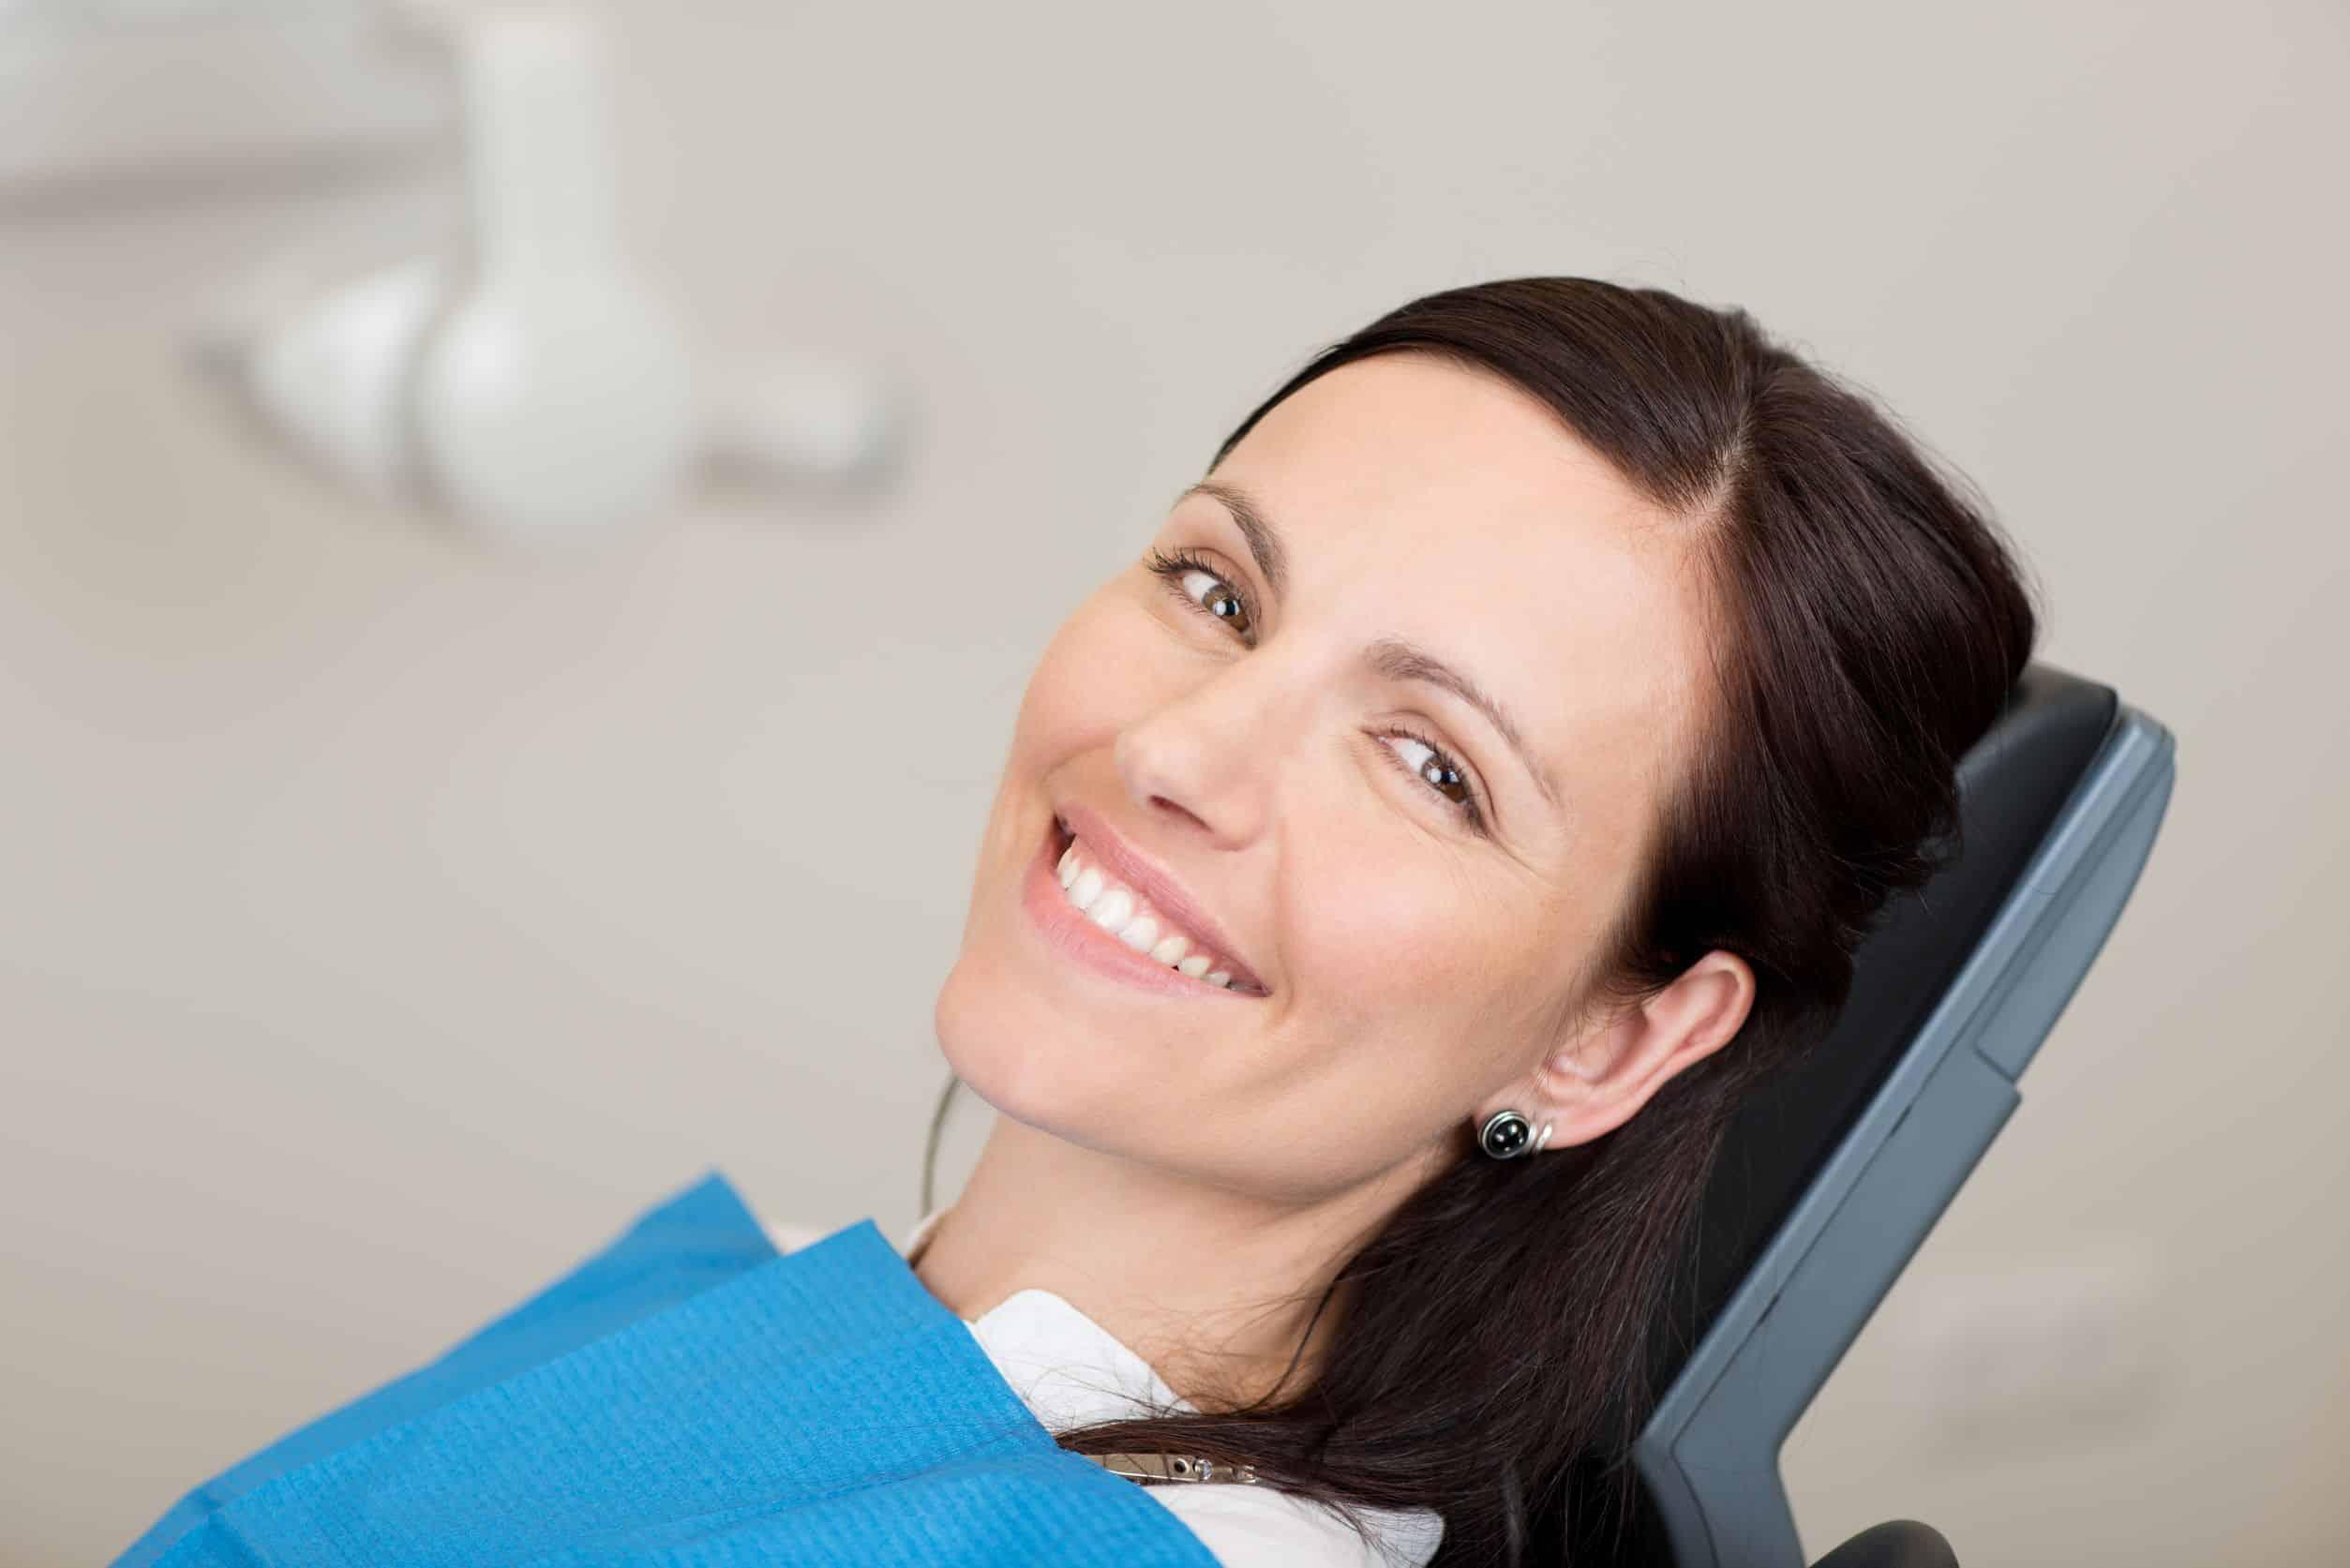 Teeth Whitening in Jenks
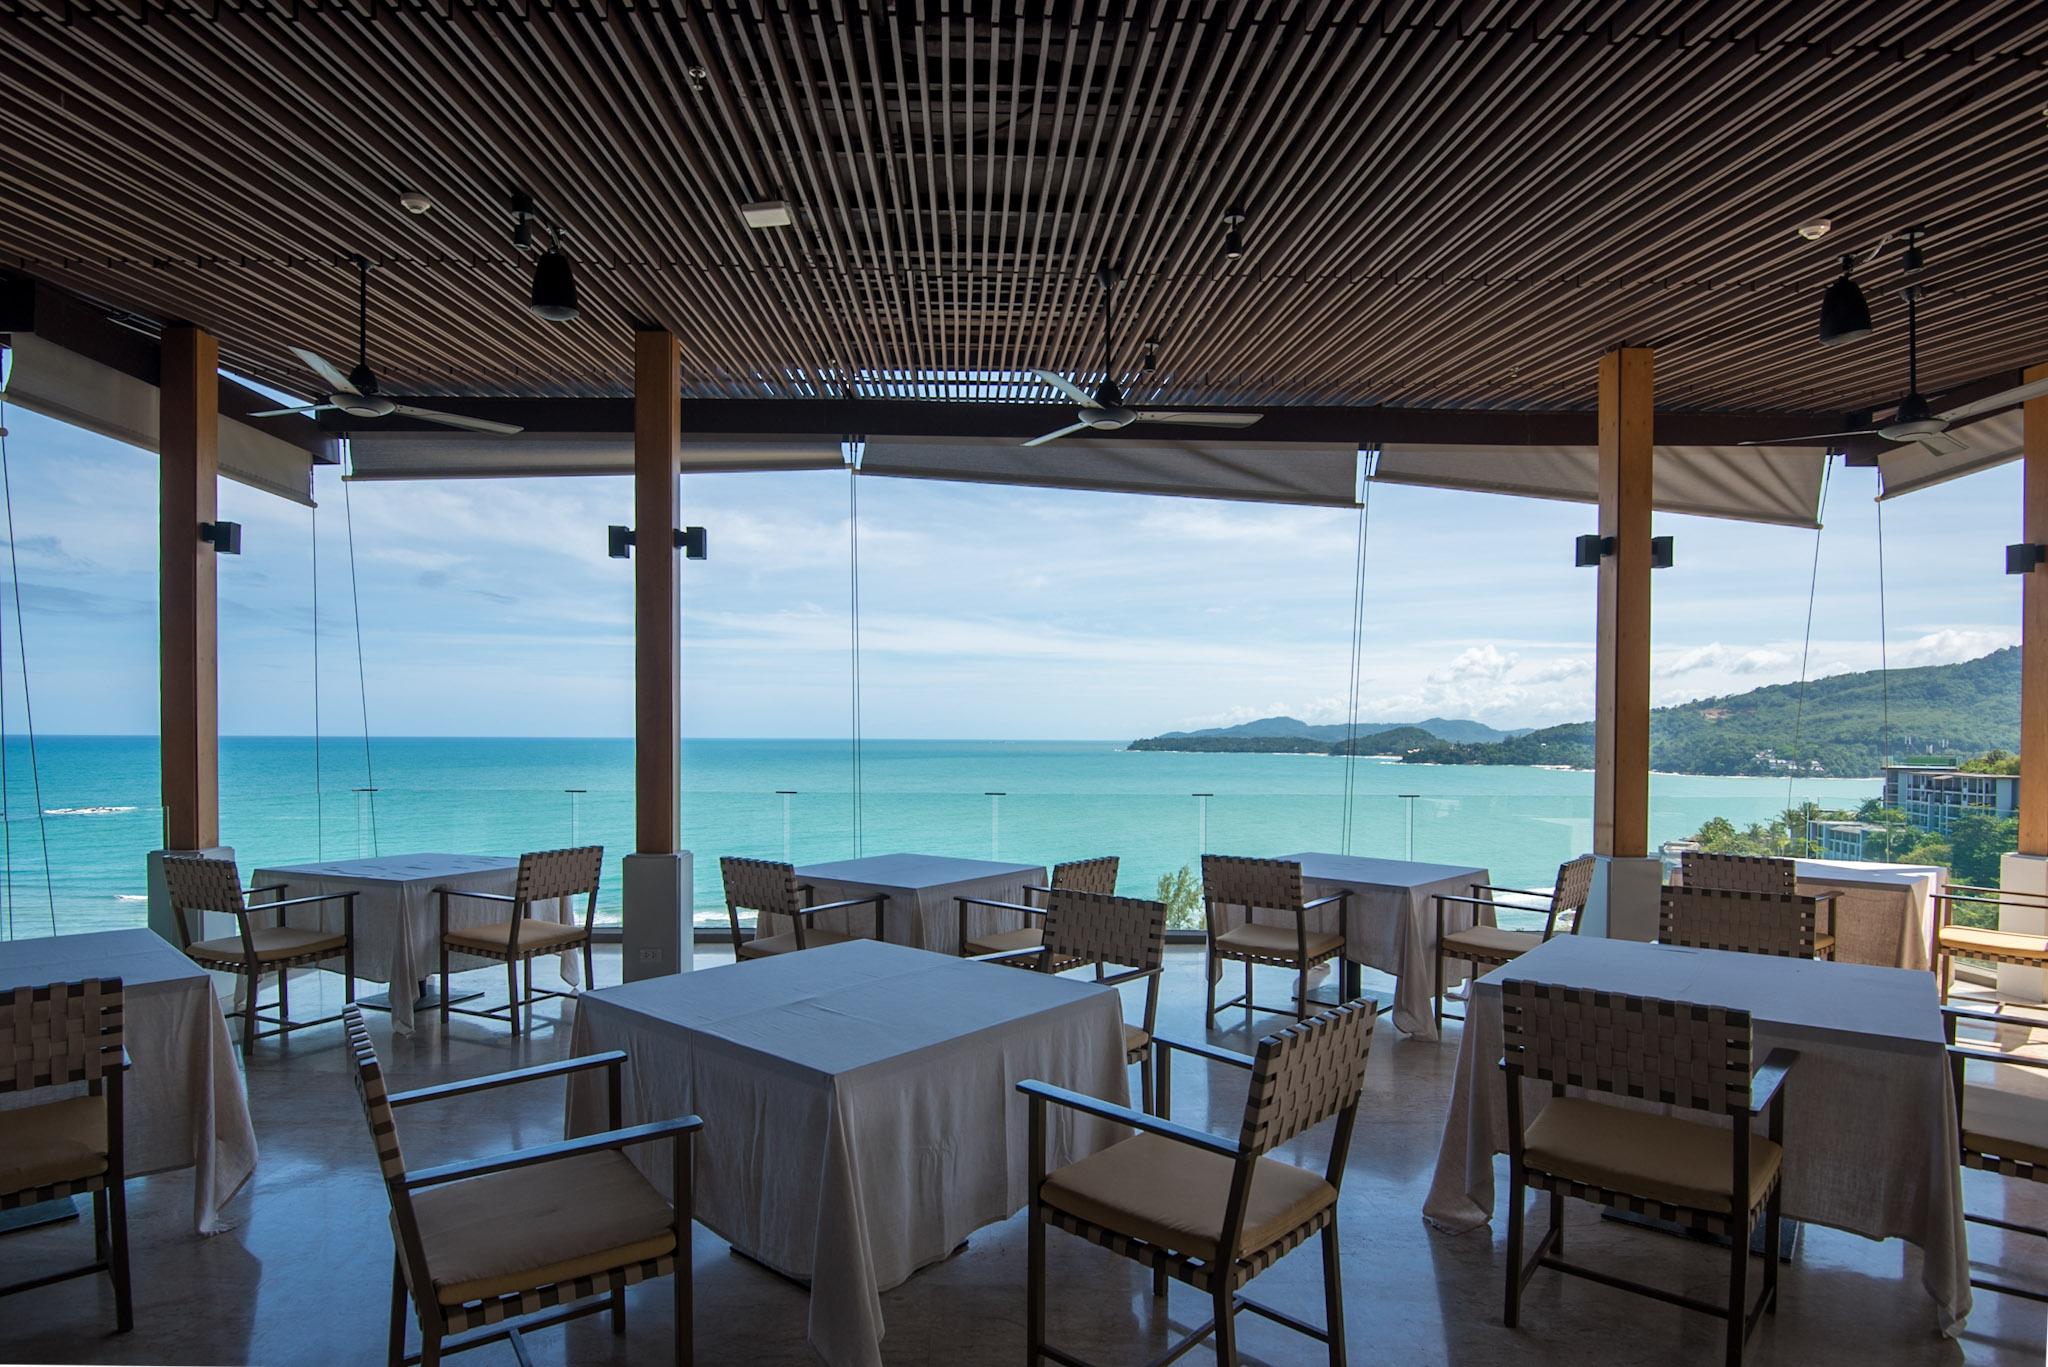 Sunset Grill The Pool Bar - Hyatt Regency Phuket Resort
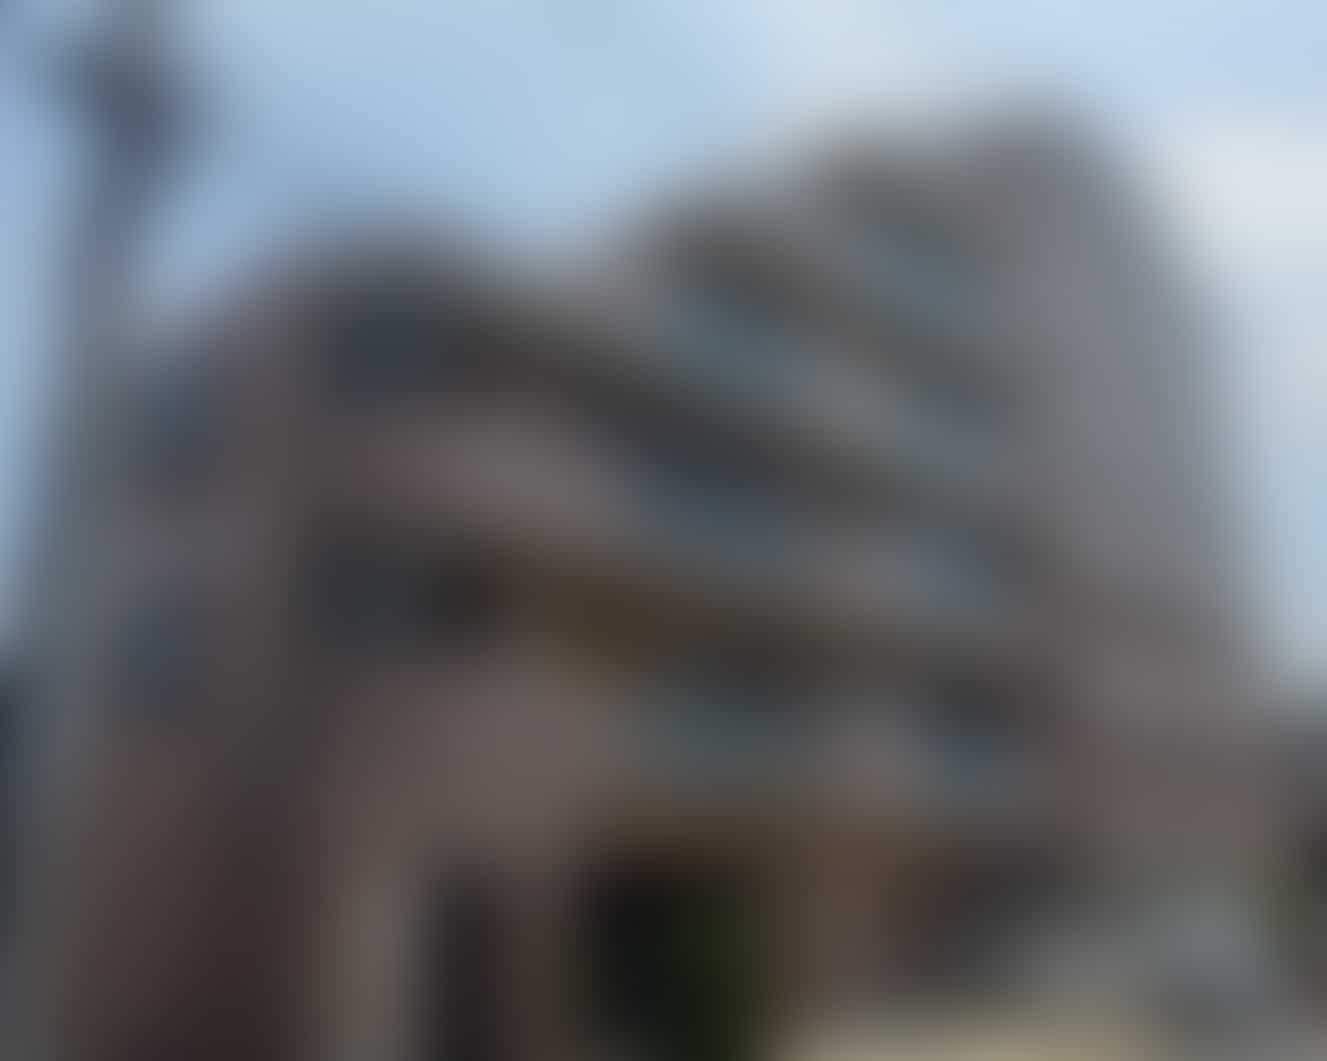 埼玉県所沢市U社長の事例写真
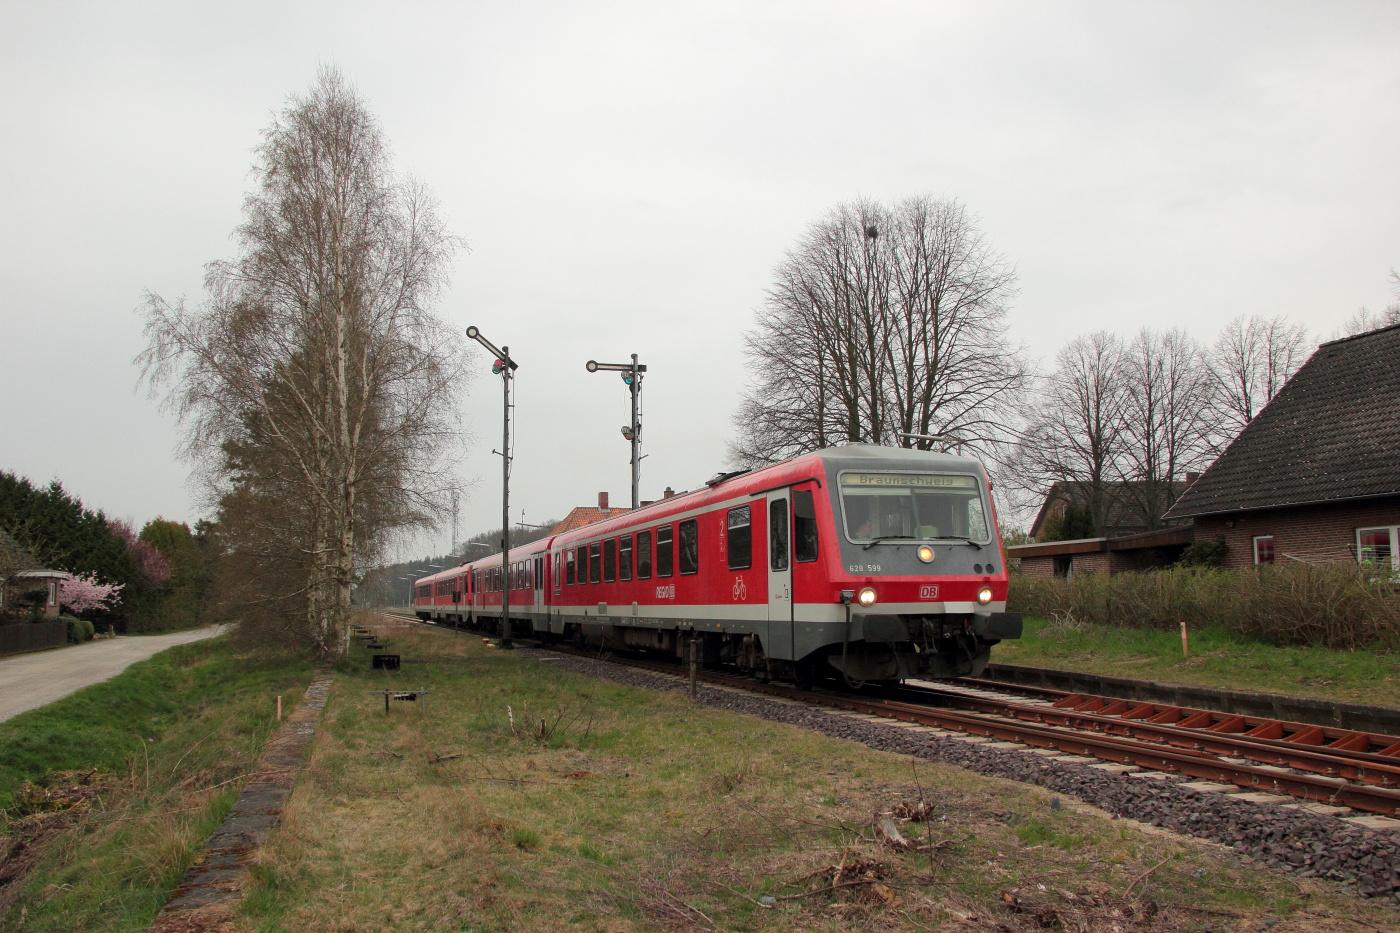 http://www.nachtbahner.de/Fotos/2014-04-05%20M%c3%bchlenbahn/k-IMG_2670%20KBS%20115%20M%c3%bchlenbahn%2005.04.14%20(15).JPG

• • •

Exercise brief:
The result should be a word-for-word restatement of all the data, without images.

Exercise solution:
 Teeth Whitening in Jenks
 Sunset Grill The Pool Bar - Hyatt Regency Phuket Resort
 埼玉県所沢市U社長の事例写真
 http://www.nachtbahner.de/Fotos/2014-04-05%20M%c3%bchlenbahn/k-IMG_2670%20KBS%20115%20M%c3%bchlenbahn%2005.04.14%20(15).JPG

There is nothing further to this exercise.